Omega Pharma-Lotto manager’s two Belgian superstars look ready for their best years yet
At the start of a season, things have never looked quite so good for one of Marc Sergeant’s incarnations of this year’s Omega Pharma-Lotto team. Philippe Gilbert is seemingly ready to win any number of classics this spring, while Andre Greipel will get his long sought after shot at sprinting against the world’s best sprinters. Come July, the options will be just as glorious with Jurgen Van den Broeck as a real podium contender along with Greipel and Gilbert in the wings. Things are certainly looking up for Belgium’s other top team. Barring a blazing performance from Tom Boonen this spring, Omega Pharma-Lotto looks ready to step onto the throne as Belgium’s preeminent team…if they haven’t already.
The Omega Pharma-Lotto team is currently hard at work preparing for the new season in the winter training haven of Mallorca. A small contingent is already in Australia ahead of the upcoming Tour Down Under, but the rest, including Philippe Gilbert, are sharpening their knives ahead of the battles that await them.
It’s reasonable to say that no rider is raising as much interest as Philippe Gilbert heading into the new season. With riders like Tom Boonen and Fabian Cancellara, you more or less know what they look like on top form, but each year, it seems that Gilbert takes another step up. By the end of last season, Gilbert was operating on a different plane. If he achieves that level again this spring, we could be looking at another dominator to succeed the 2010 version of the dominator, Fabian Cancellara, at least for Flanders and the Ardennes. It would be a tall order to fill if Cancellara and Boonen are once again at their best, but not out of the question.
With so many expectations and possibilities on Gilbert’s Walloon shoulders, the team is doing everything they can to ensure that Gilbert can be in perfect shape for virtually the entire month of April, and a bit of March as well.
Omega Pharma-Lotto team manager, Marc Sergeant, admits that it will be a long period of peak fitness if Gilbert hopes to make it from the spring’s first Monument, La Primavera, to the spring’s final Monument, La Doyenne. With that in mind, the preparation for the year’s first Monument will hopefully take a slightly easier approach.
“It’s a long time from Milano-Sanremo to Liege-Bastogne-Liege. [Gilbert’s] program has changed. He will not participate in Paris-Nice, but Tirreno-Adriatico instead, where he’ll be able to show himself well enough in a few finales,” said the Belgian to RTBF.be.
Looking beyond the Classics, where there is little to say from both Gilbert and his team’s end: they hope to win everything they can, the real question becomes – will Gilbert take part in this summer’s Tour de France.
“For the moment, he is in the selection for the Tour de France.

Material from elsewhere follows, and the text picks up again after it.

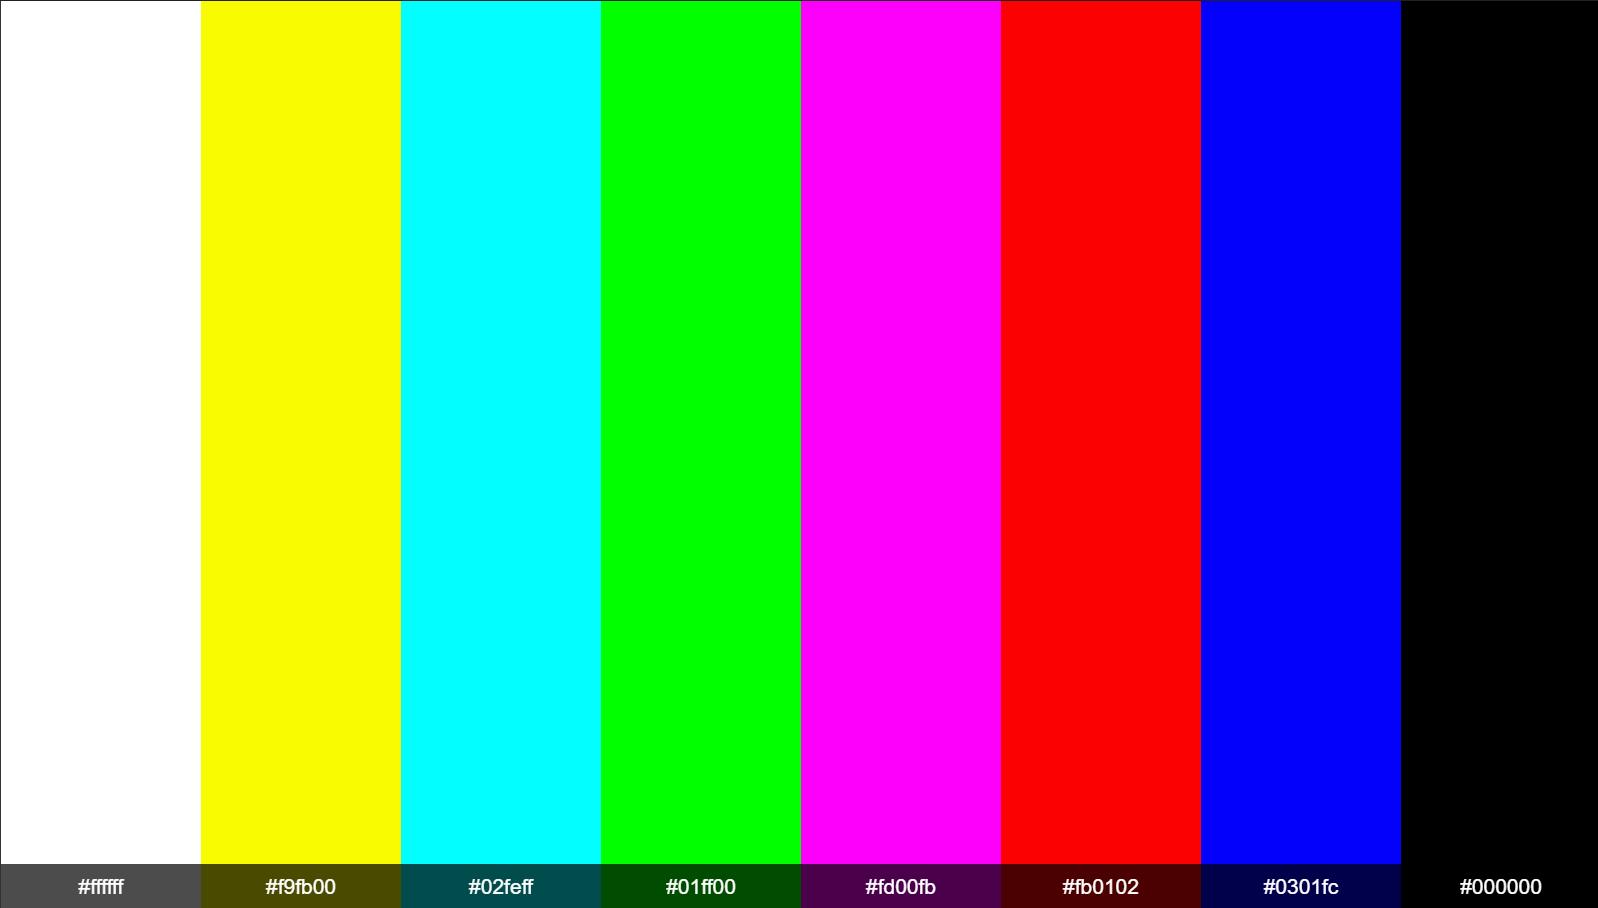 Tv No Signal Color Bars Hex Colors Ffffff F9fb00 02feff 01ff00 Fd00fb Fb0102 0301fc 00000 Printable Coloring Pages Tv Static Printable Coloring

This year, there are four or five stages that finish uphill, and there are significantly fewer sprints. So there are opportunities for Philippe Gilbert. Why wouldn’t he? There are many arguments for his participation in the Tour, but anything is possible.”
It does appear that it will be a tough opportunity to turn down for the rider who hails from the Ardennes. There will be more than a few finishes seemingly tailor made for the explosive rider – providing not only possibilities for stage victory, but also a legitimate chance at the Maillot Jaune.
While Gilbert’s probabilities for success in the opening part of the Tour de France are the stuff of much talk, the team’s major focus for the Grand Boucle will certainly be its 2010, fifth place overall finisher, Jurgen Van den Broeck.
For the 27 year old Belgian, the aim is simple: move up higher in the overall classification.
“For us, the goals are the same as last year. What has changed now is that he knows he can be fifth in the Tour de France. We will try to improve some details. Last year, he was able to follow the best. Now, he wants to move up in the standings, he must make a difference compared to the others. We have already discussed it, and he wants to attack.”
Apart from the enchanted lands of the Tour de France final podium, Sergeant points out that there’s one thing Van den Broeck hopes to rectify in the coming year: winning his first professional race.
“To you, he will say that it does not bother him, but I know that internally, it does. He wants to win.”
It’s a bit scary to think what might be possible if Gilbert, Van den Broeck, and Greipel can all manage to perform at their best with good health and a bit of good luck in 2011. Then again, that goes for most of the top riders, doesn’t it?